Sunday, June 8, 2008

Worst day ever

I like Sundays. Although we generally have to get out of the house earlier, I enjoy getting ready and getting to church where my kids are chomping at the bit to see their friends and so am I!
This Sunday was like most, Dh left earlier to play in the church band and we got set to go to the early service because I was teachign 2yr old Sunday school at the late service.
All was typical, church was good, the 9 two year olds were sweet.
We were in a new room and a couple kids had to get in the swing of things again, but it only took a few minutes.
We sang songs, read stories, played and had a snack. Then the time came to pick up the kids and when Tyler's mom came- there was no Tyler. NO TYLER.
I have never felt a panic like that, it was like a movie I swear I scanned the room in slow-motion and each place my eyes went I was shocked again to not find him.
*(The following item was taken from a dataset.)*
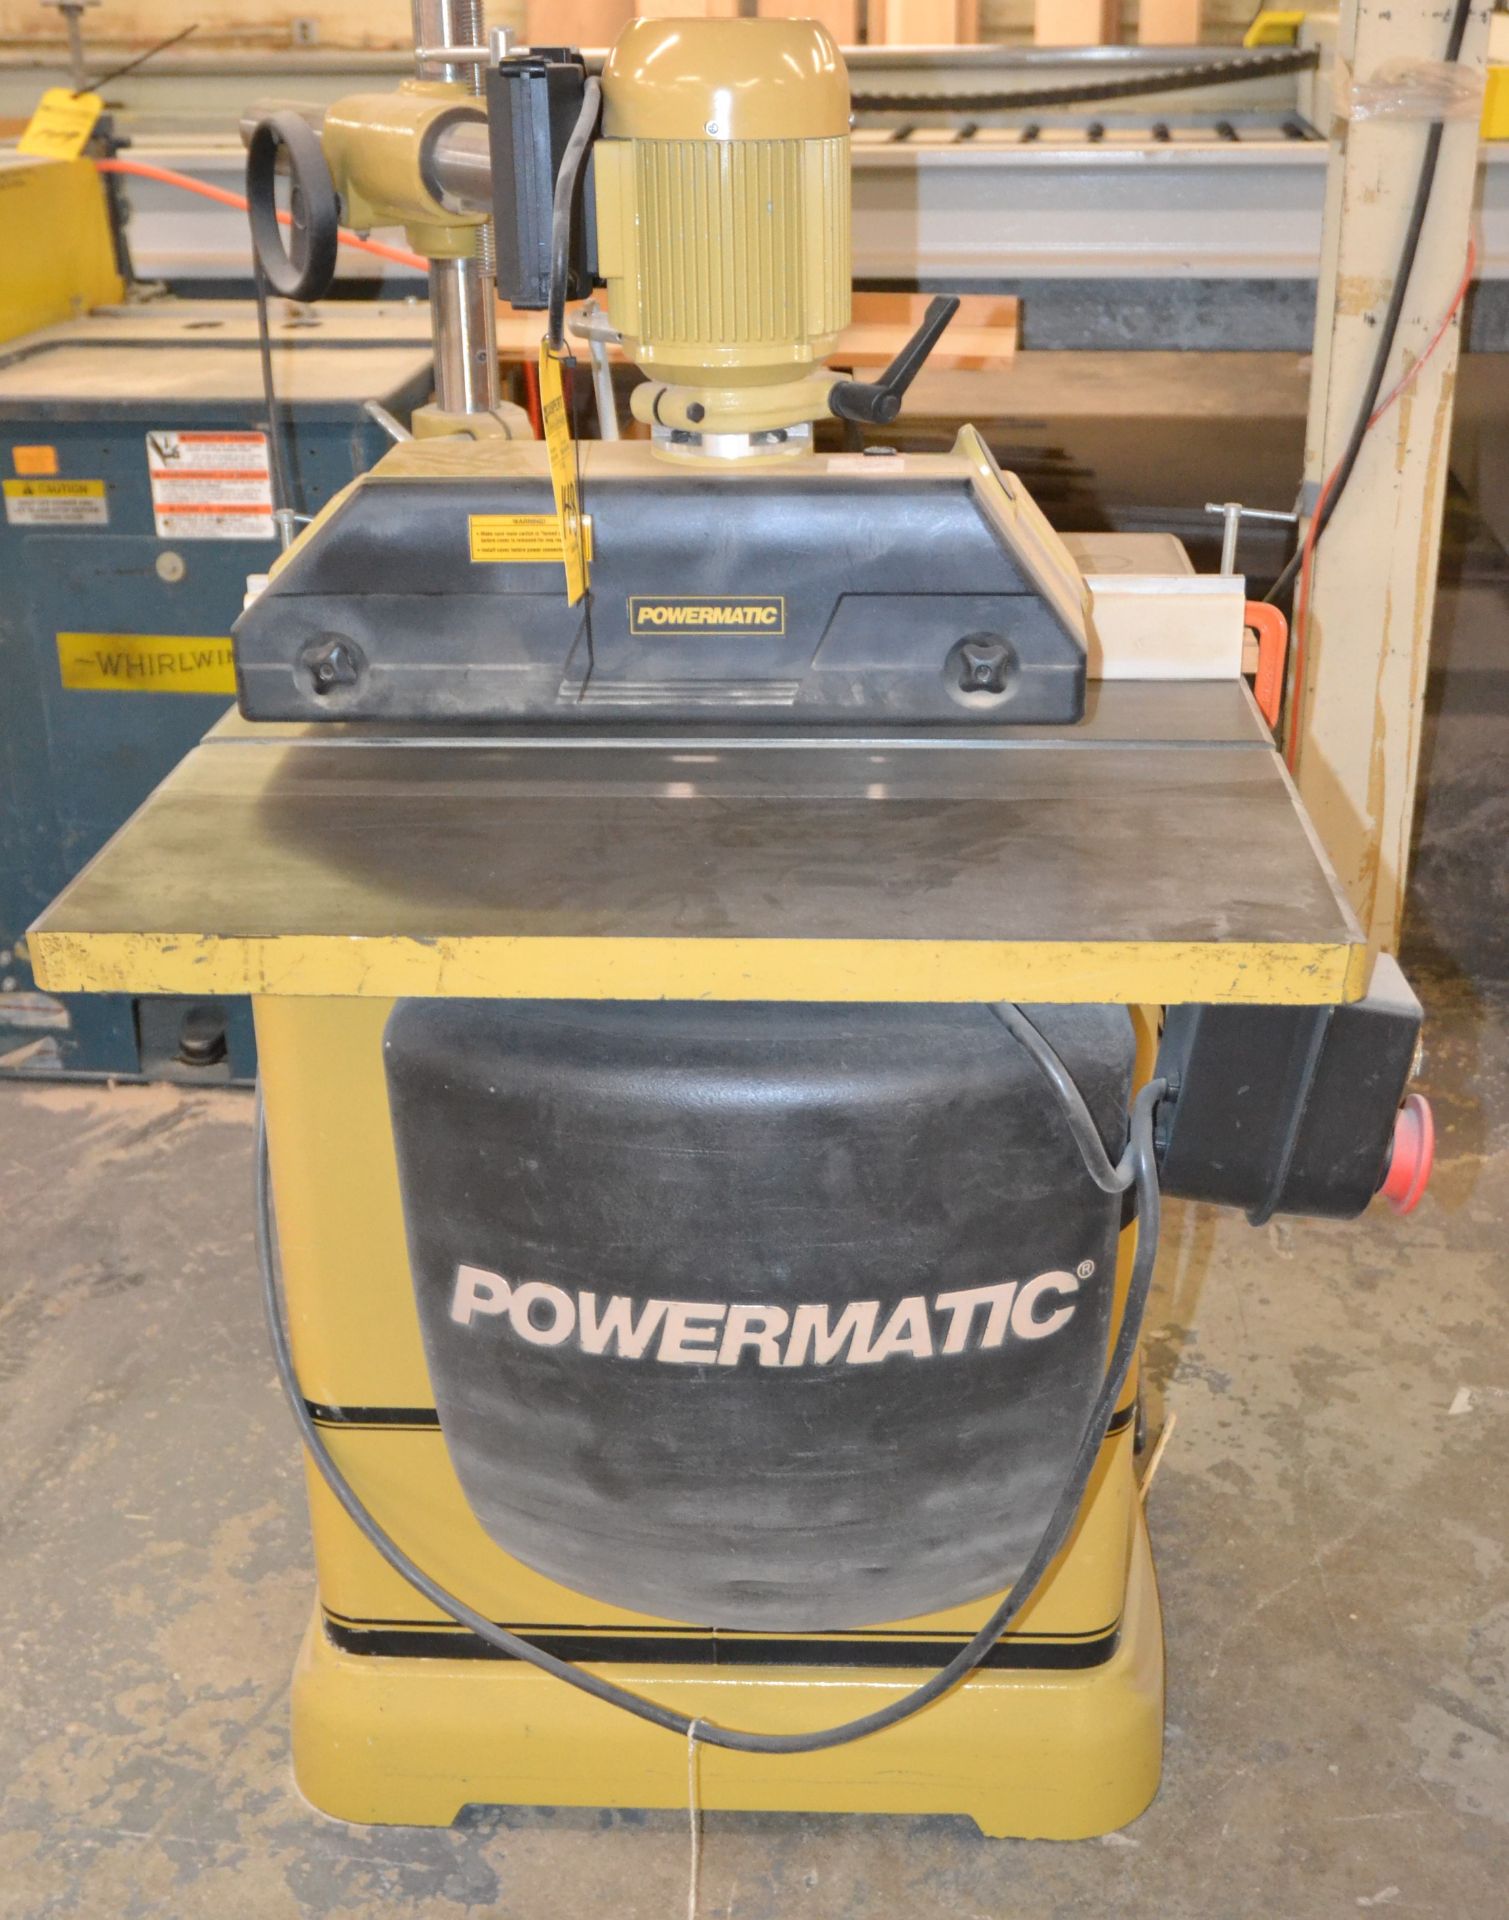 POWERMATIC TABLE SAW AND FEEDER

This was my first meeting with Tyler- but I knew he had jeans on and a purple paicifer with circles on it and deep blond hair.
For the next 15-20 minutes maybe it was only 10- the church searched. When I realized I was outside looking others where outside looking too- I think my heart stopped completely.
As we entered the ajoining building- a guy casually mentioned that if we were looking for a toddler- his wife had him and was bringing him downstairs!
At first I thought he was joking but as I ran back down and heard it was true- I lost it.
What could have happened and all at my accountability.
If I felt like that- what did Tyler's mom feel like? I cannot imagine or be more sorry.
I cannot imagine what would happen to me if I went to pick-up my kid after a church worship service in the church's own sunday school room, manned by church moms and no kid- and no explaination.
We think Tyler snuck out the gate with another family and followed them to the other building. He was found playing in the kindergarten room.
Goes to show- even in God's house... we must always be on guard, we must never assume it cannot happen to us.
I will be different because of this, so will Tyler's mom. I am so sorry for that. I am not sorry he turned up safe and sound and maybe now we can tweak things so that no little ones can sneak anywhere and be gone so long without someone wondering where he belongs.